Bordeaux’s left and right sides of Gironde river, Burgundy, Champagne, Portugal’s Vintage Port, the Rhône, Italy’s Super Tuscans, Brunello, and Barolo/Barbaresco, top Californians, elite Australians, and a select group of Germans, are the “fine” wines which might not reflect how the wine world has changed over the last decades.
The New Fine Wine
They have been called “new fine wines” — wines from outside the classic regions, made without undue intervention in the cellar from privileged vineyard sites that are farmed well and picked at the appropriate time. This concept challenges the idea that all the great terroirs have already been discovered, and a combination of open-mindedness, viticultural skill, and a sensitive approach in the cellar is creating some very exciting wines from regions that some fine wine brokers have never heard of.
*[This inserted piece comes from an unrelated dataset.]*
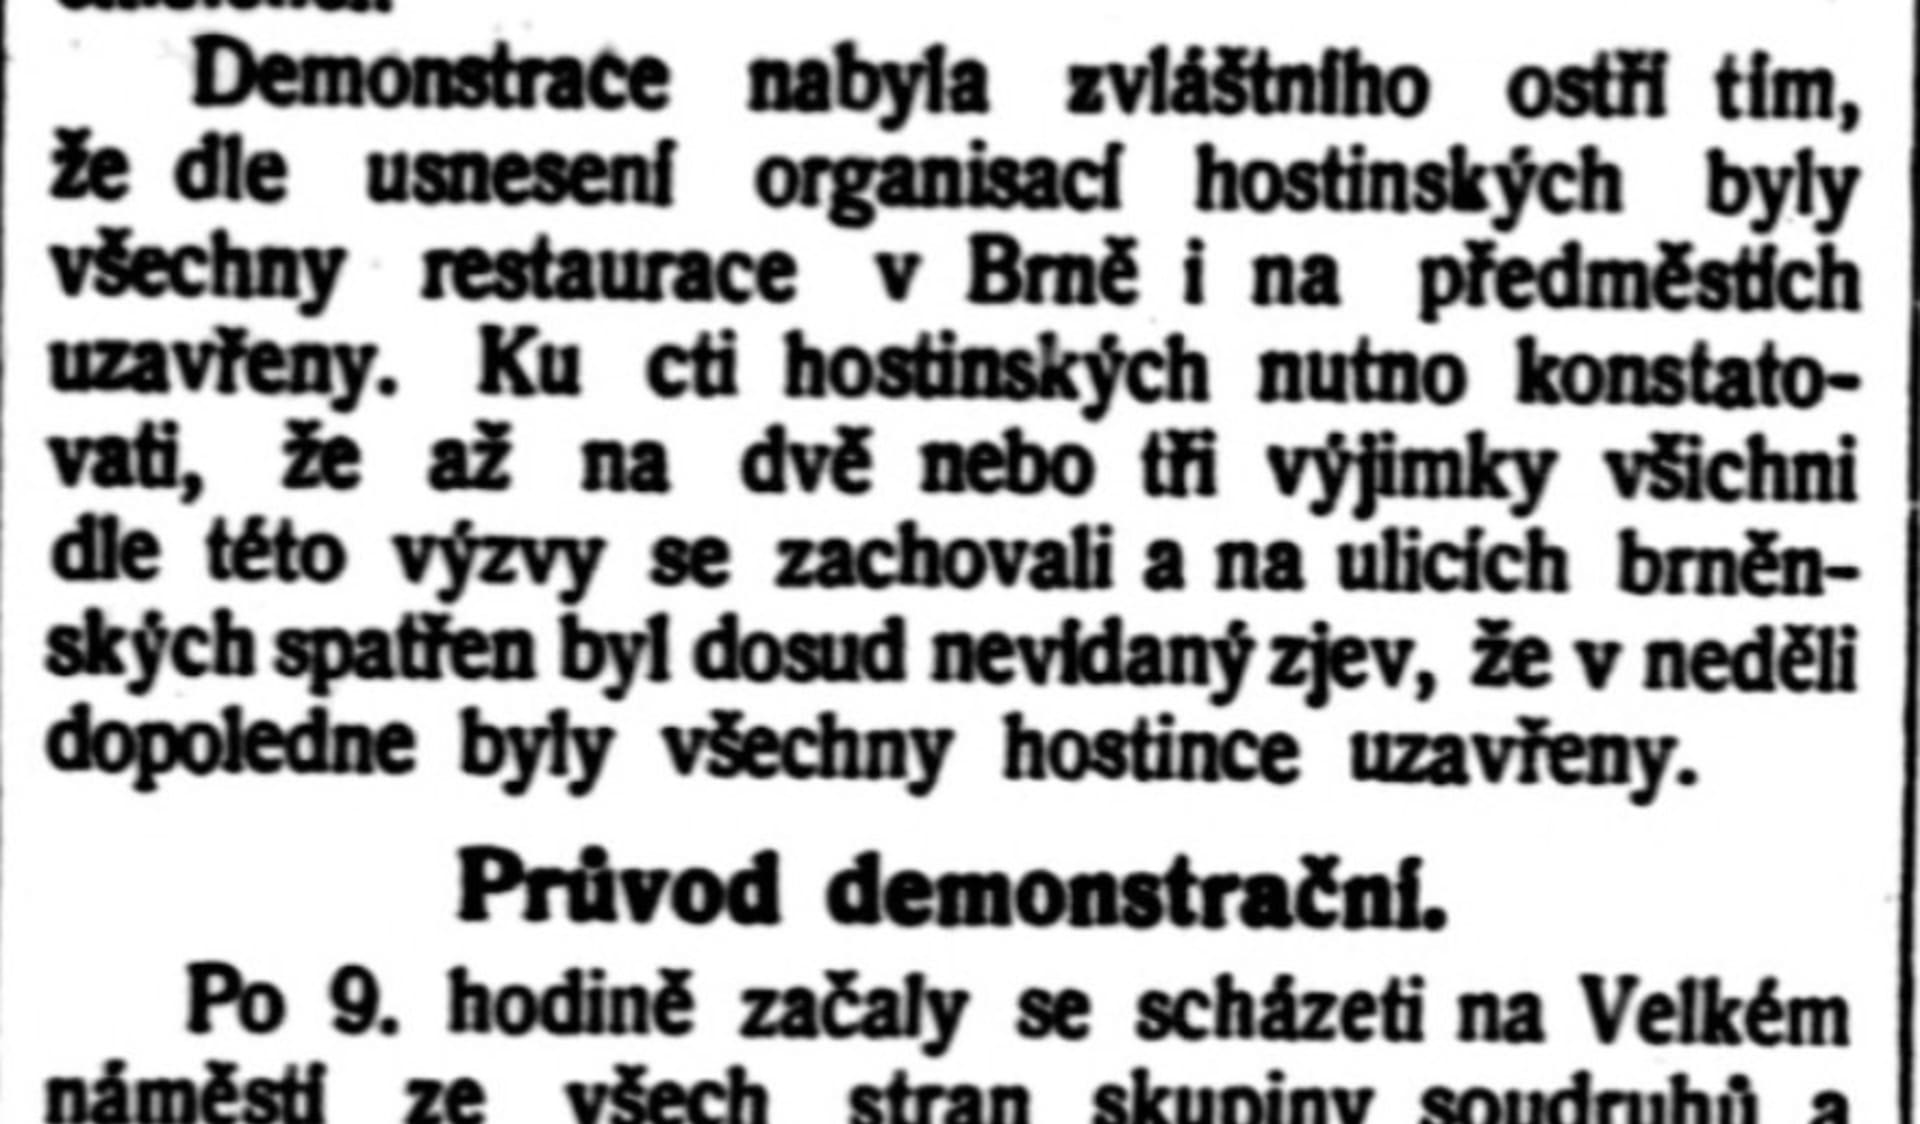 Popis brněnské demonstrace proti pivní dani v deníku Rovnost, 24. května 1909.

One of the factors that has helped the emergence of these new fine wines is the wine world’s interconnectivity, but wines like these won’t be made without the determination, skill, and vision of the winegrowers. As I travel the wine world I keep meeting others who share this taste for fine wines — old and new — who are also open-minded enough to be able to recognize it even when these wines come from unexpected places. This is not so much a top down process of producers being anointed by an influential critic (which is so very 1990s). It’s more of a bottom-up or middle-out phenomenon. And that’s what D’Agos have being trying to do: to find small producers who make great wines!
It’s not a revolution
So we are seeing the emergence of the new fine wine, but nothing is being overthrown, luckily. The old fine wine will carry on, and the new fine wine will grow alongside it. There will be the odd clash of aesthetic systems, but that’s only to be expected. It really is an exciting time to be a wine drinker, especially a curious, open-minded one.